13.3The Controller may by written notice within the period specified in Clause 13.2 above extend such period for up to three (3) months at its sole discretion.
14Waiver
14.1No waiver by either party of any breach of the terms of this Agreement by the other shall be considered as a waiver of any subsequent breach of the same or any other provision.
15Severability
15.1If any provision of this Agreement is held by a court or other competent authority to be invalid or unenforceable in whole or in part the validity of the other provisions of this Agreement and the remainder of the provision in question shall not be affected.
16Notice
16.1Notices shall be in writing and shall be sent to the other Party marked for the attention of the person at the address set out below. Correctly addressed notices sent by first-class mail shall be deemed to have been delivered three Working Days after posting and correctly directed facsimile and email transmissions shall be deemed to have been delivered at 9am on the next Working Day following transmission provided that they are confirmed by a confirmation copy being sent within one Working Day by first-class mail.

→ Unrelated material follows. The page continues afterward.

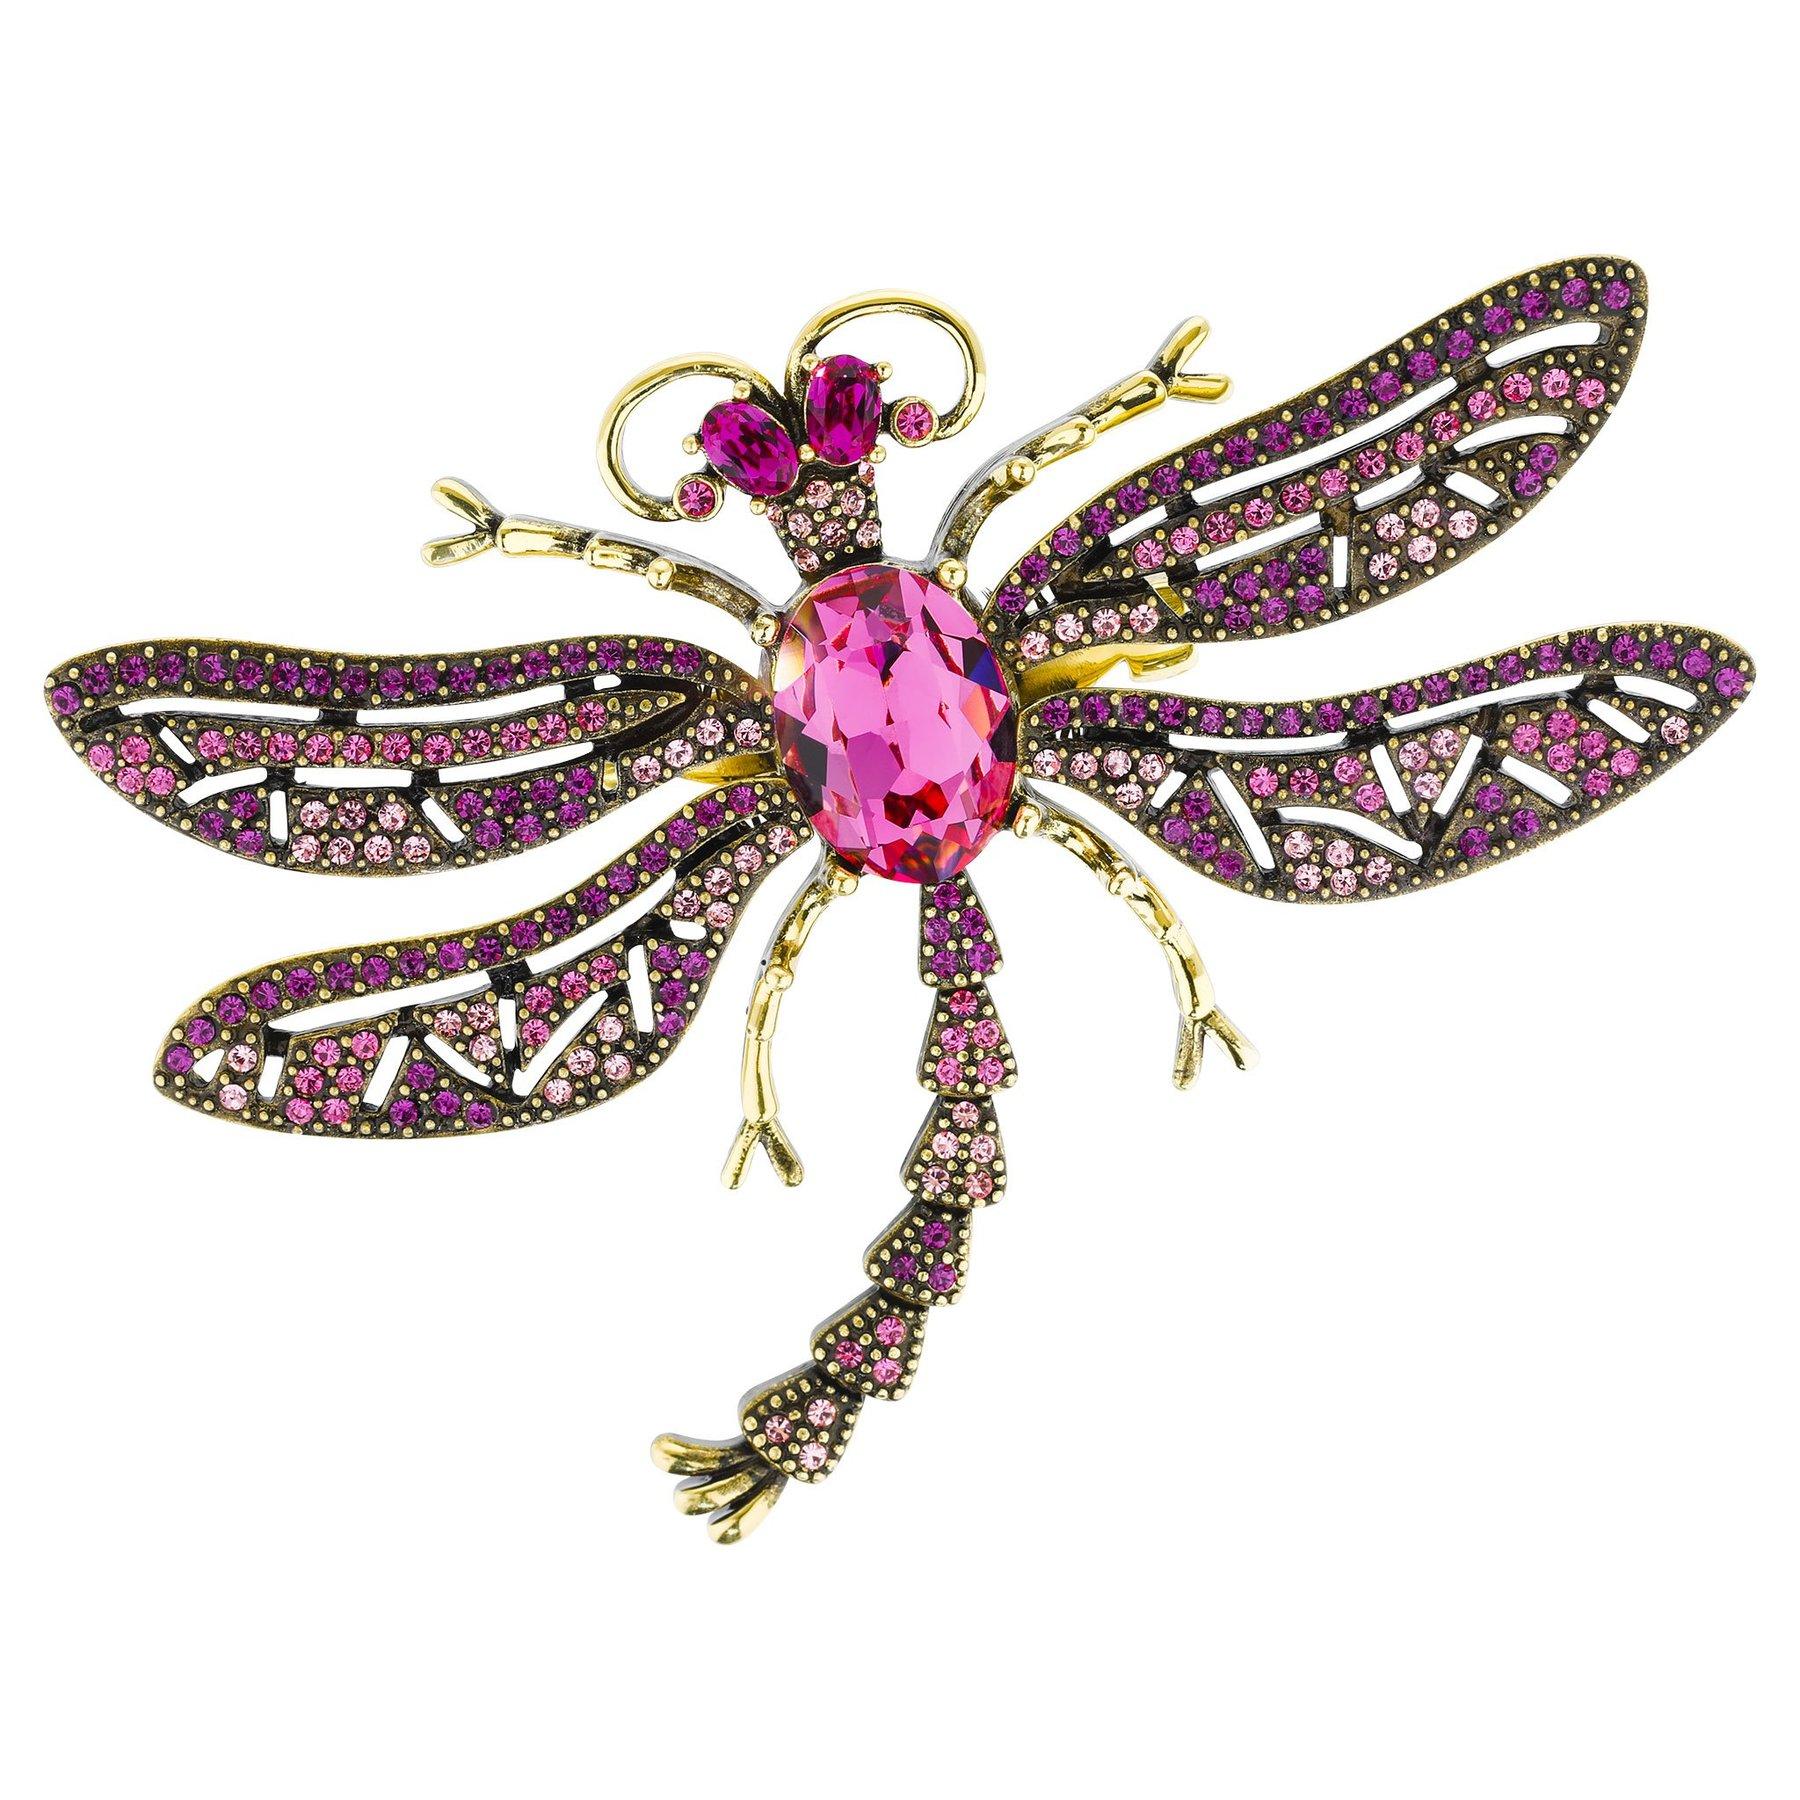 Heidi Daus Trembling Brilliance Crystal Accented Dragonfly Pin Fushia Pink Multi In New Condition For Sale In Houston, TX

16.2Notice by telephone must be confirmed by the party giving notice in writing within 24 hours of the telephone call.
16.3No form of electronic communication other those specified in this Agreement may be used for the purposes of transmitting any form of notice under this Agreement.
16.4If to the Controller notices shall be sent to:
16.4.1Name:[insert];
16.4.2Address: [insert];
16.4.3Facsimile Number: [insert];
16.4.4Telephone Number: [insert].
16.5If to the Processor notices shall be sent to:
16.5.1Name:[insert];
16.5.2Address: [insert];
16.5.3Facsimile Number: [insert];
16.5.4Telephone Number: [insert].
17Third Parties
17.1[The parties confirm their intent not to confer any rights on any third parties by virtue of this Agreement and accordingly the Contracts (Rights of Third parties) Act 1999 shall not apply to this Agreement.]
18Whole Agreement
18.1Each party acknowledges that this Agreement contains the whole agreement between parties and that it has not relied upon any oral or written representation made to it by the other.
19Assignment
19.1This Agreement is personal as between the parties and the Processor can only assign the benefit of this Agreement with the Controller’s prior written consent.
20Relationship
20.1Nothing in this Agreement and no action taken by the parties pursuant to this Agreement shall constitute, or be deemed to constitute, the parties a partnership, association, joint venture or other co-operative entity.
21Governing Law and Jurisdiction
21.1This Agreement and any dispute, controversy, proceedings or claim of whatever nature arising out of or in any way relating to this Agreement or its formation, shall be governed by and construed in accordance with English law.
21.2The parties irrevocably agree that the courts of England shall have exclusive jurisdiction to hear and decide any suit, action or proceedings, and/or to settle any disputes, that may arise out of or in connection with this Agreement and, for these purposes, irrevocably submit to the exclusive jurisdiction of the courts of England and Wales.